Abstract: Tyrosinase is a key rate-limiting enzyme in melanin synthesis which can be blocked to reduce melasma and freckles by inhibiting the activity of tyrosinase. Salidroside showed certain inhibitory effects on tyrosinase by enzyme kinetics with inhibition of 33.04%. Besides it was also a competitive inhibitor of tyrosinase which served as a substrate analogue to combine with enzyme to produce quinones with stronger light absorption. Furthermore, docking results implied that inhibitory mechanisms might be attributed to the weak interactions between salidroside and tyrosinase such as hydrogen bonds and van del waals. Salidroside is a main kind of plant flavonoids from Rhodiola rosea, walnut and so on. Studying inhibitory mechanism of salidroside on tyrosinase is not only helpful for developing anti-freckle products in which salidroside is one of the most important components, but also beneficial for making better use of plant flavonoids to seek for a new generation of natural skin care cosmetics.

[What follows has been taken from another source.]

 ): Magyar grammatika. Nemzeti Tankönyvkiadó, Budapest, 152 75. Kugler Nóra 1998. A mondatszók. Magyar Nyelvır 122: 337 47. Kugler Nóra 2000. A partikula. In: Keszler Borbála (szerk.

Method for extracting salidroside from rhodiola rosea

Abstract: The invention relates to a method for extracting salidroside from rhodiola rosea. The method comprises the following treatment steps: by taking natural rhodiola rosea as a raw material, drying, grinding, allowing the rhodiola rosea to pass through a sieve with the granularity of 80 meshes, thereby obtaining rhodiola rosea powder; performing bio-enzyme enzymolysis; performing microwave assisted extraction; purifying through a macroporous resin; and crystallizing. According to the method disclosed by the invention, the rhodiola rosea is taken as the raw material, bio-enzyme enzymolysis is combined with microwave extraction, and cell walls of plants are destroyed, so that active ingredients in the cells are fully dissolved out, the extraction rate of the active ingredients is increased, and the method has the advantages of mild reaction conditions, high speed, low energy consumption, high quality, time conservation, no pollution and the like. Moreover, the microwave assisted extraction mode has the advantage that the content of protein impurities in the extracting solution is low and is suitable for industrial production.